谏官脸上还残留的前一晚笑容,此刻终于消了下去。
他望一眼戚相,又望一眼圣上,嘴巴张了张,到底没说什么话,低下头,半张脸隐在阴影里,神情看不分明。
褚无相却浑身一震,激动得差点当着文武百官面掉下去。
他看得一清二楚,刚刚这谏官,对着圣上,也就是他的那个父皇,无声骂了三个字:“狗皇帝。”
好你个胆大包天的谏官。
褚无相忽然有了别的主意。
这次下朝,他没再听百官八卦,而是悄悄跟在谏议大夫身后,一路滚出皇宫,躲在谏官府中继续看戏。
戚相请辞一事发生后不久,不日传来南境战事最新进展,戚将军投降南诏、叛变大晟的消息一时间在全国上下传得沸沸扬扬。
那天谏议大夫下了朝,褚无相偷听见府里下人八卦。
说是圣上震怒,按律法当株连戚将军亲族,可为了一个戚将军损失一个戚相,并不合算,圣上便破例饶了戚相一命。
也因此,文武百官都不敢针对戚将军之事发表看法,圣上正在气头上,谁都不愿去做这个泄愤的靶子。
然而千算万算,却没算到,戚相虽保下了,却从此无心政事,称病不上朝,直到几个月后郁郁而终。

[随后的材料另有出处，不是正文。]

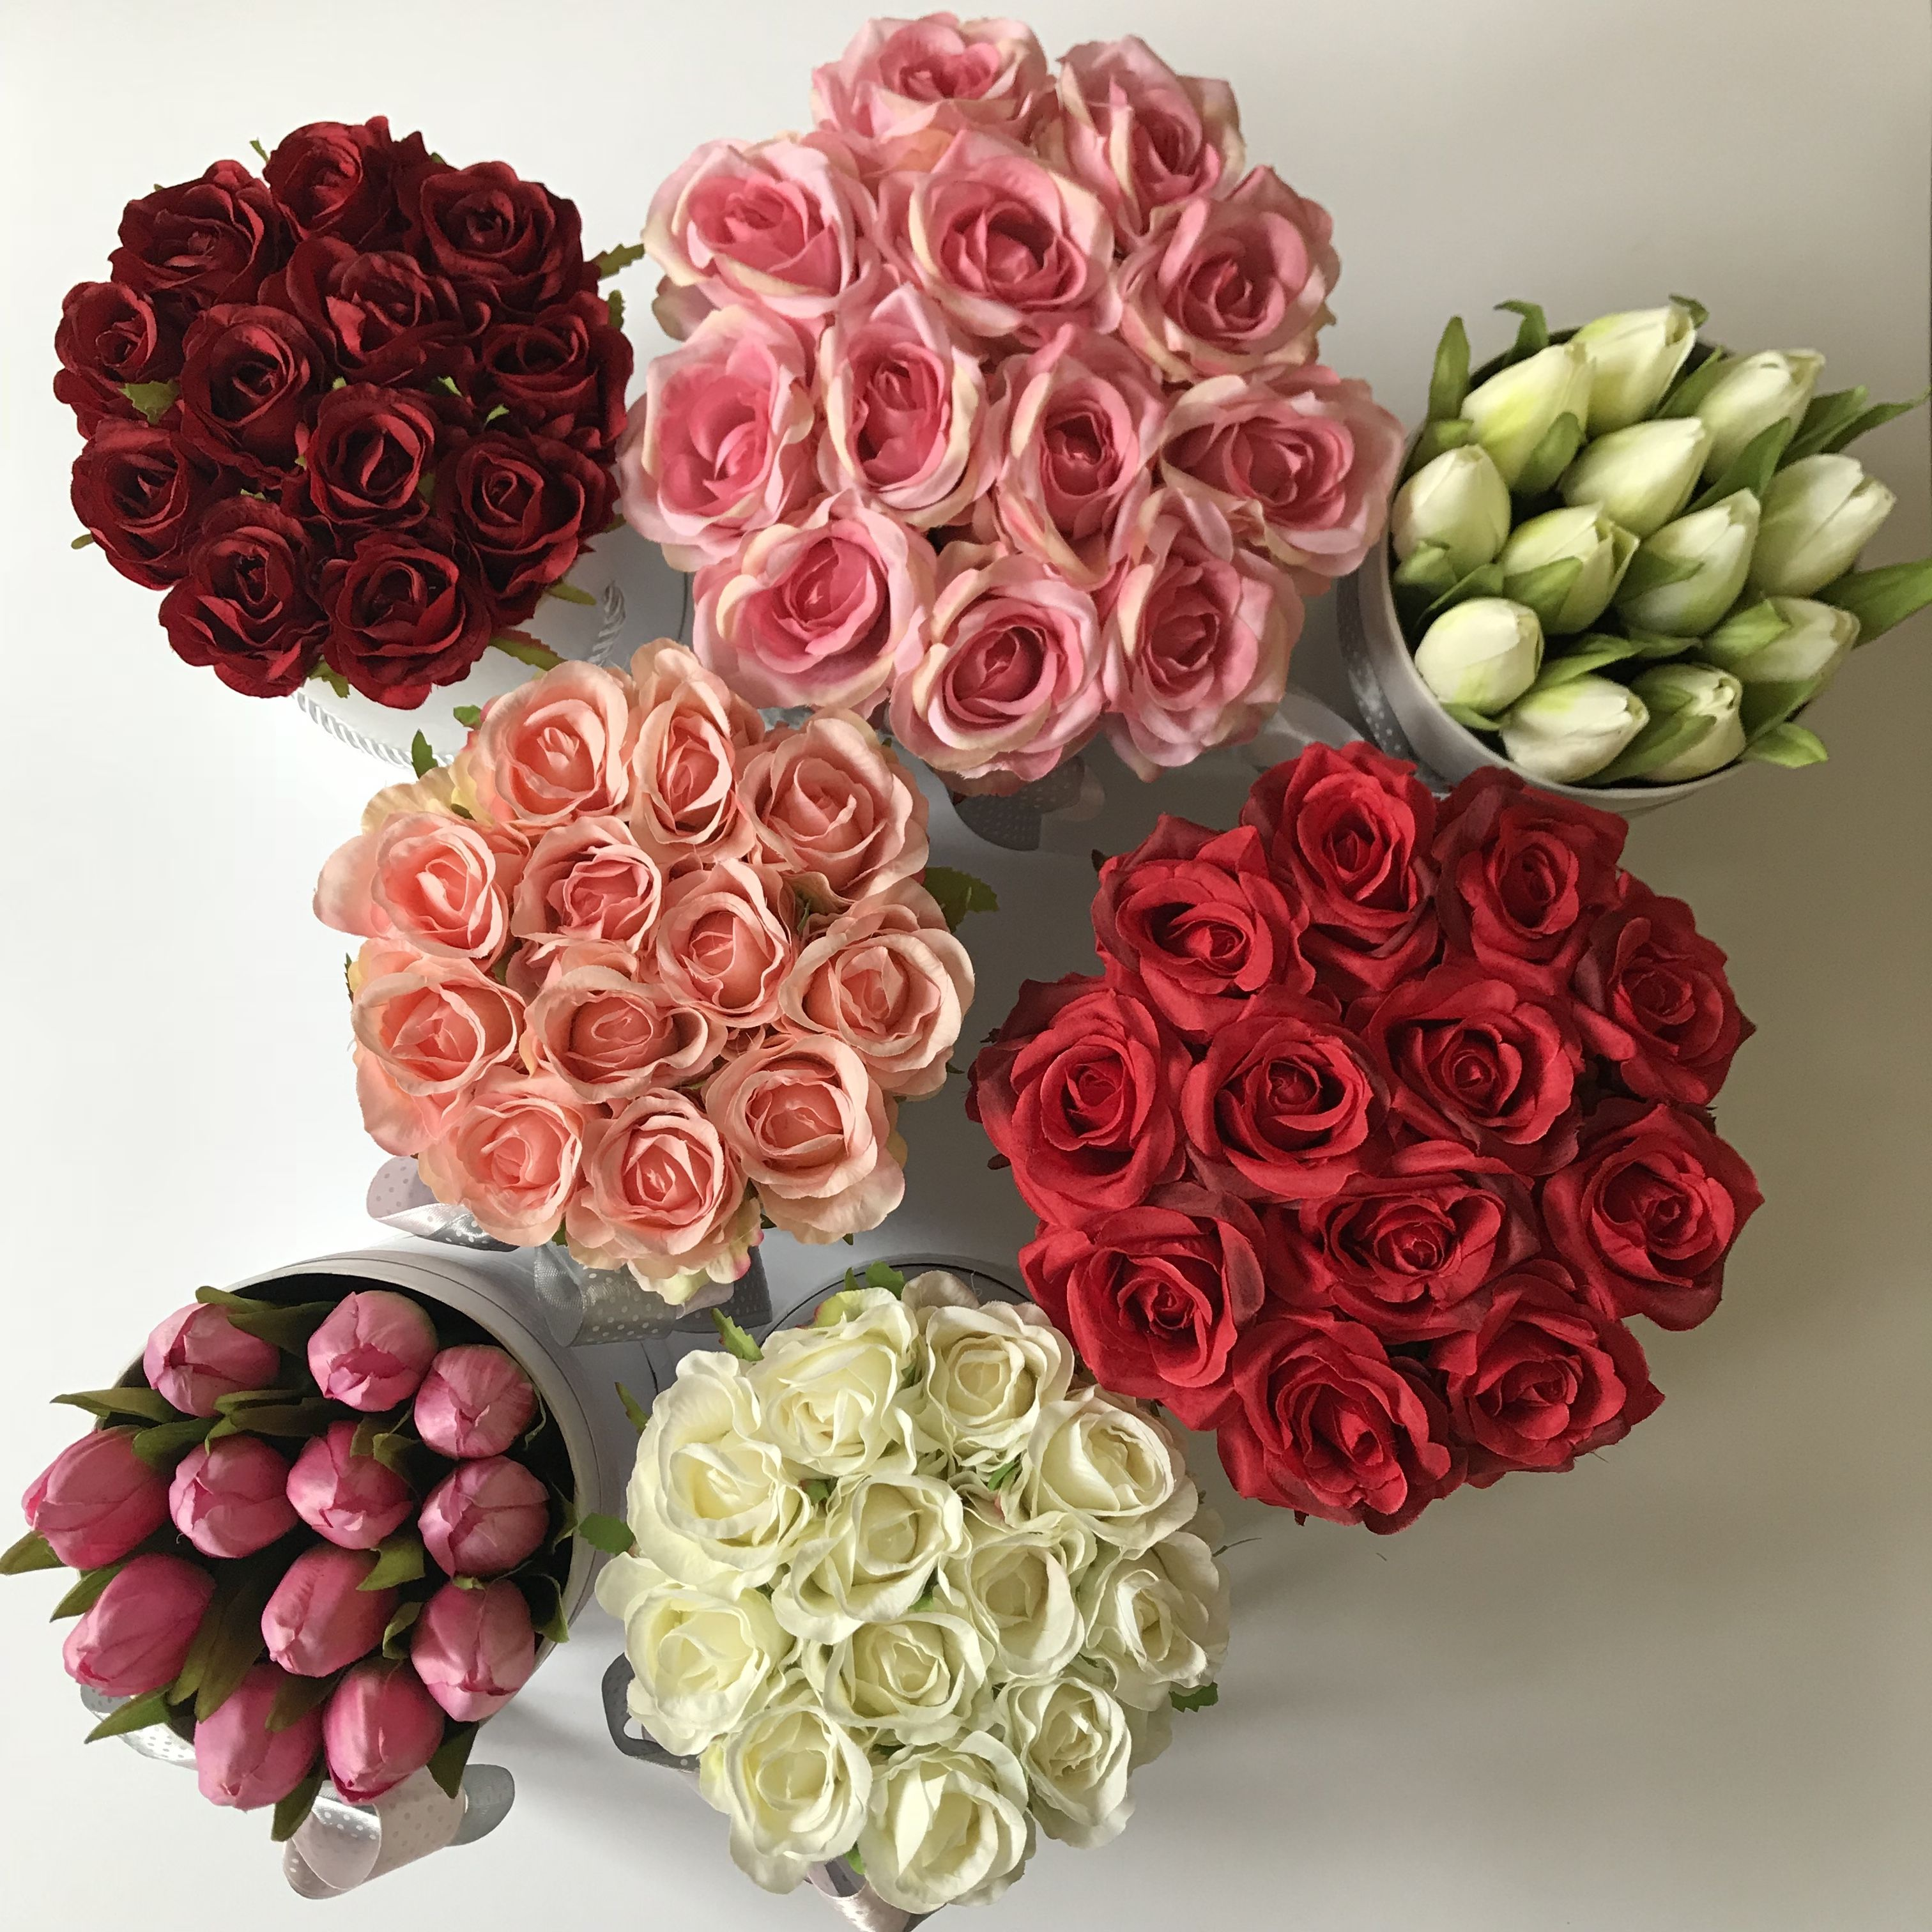 Flowerbox Flower Box Roses Box Of Flowers Roses In A Box Fashion Wedding Idea Bloom Des Fleur Maison Des Fleur Hom Luxury Flowers Trendy Flowers Flower Boxes

那日,褚无相躲在房梁,看到谏官下朝后官服也没换,回到府中,起出酒窖里的桂花酿,一杯一杯,酒不停盏,一直喝到次日天亮。
那正是宰相停灵的第三日。
他的前夫人南诏大将军之女,背着戚相尸首,于皇城门前为戚将军喊冤。
全盛京城都去看热闹了,褚无相看到那谏官也混入人群,跟在满月容身后,目睹后面的一切发生。
满月容身死,那一场大雨将地上血迹冲洗得很干净。
她的尸体被官兵处理得十分妥当,戚相尸首也重新被人擡回城郊灵堂,围观的人群都散了,皇城门下,仿佛什么也没发生过。
那谏官却久久没有离去。
一直在此处待到天黑。
等到路上已无行人,他忽然扑通一声,朝着那处空地跪下,恭恭敬敬地,磕了三个头。
褚无相预感有大事发生,转动身子骨碌一滚,回到了大殿,静候第二日的朝会。
他走得早,因而没看见,在他滚走后,一匹小白蹄乌骓驮着一绿袍小少年哒哒路过城门。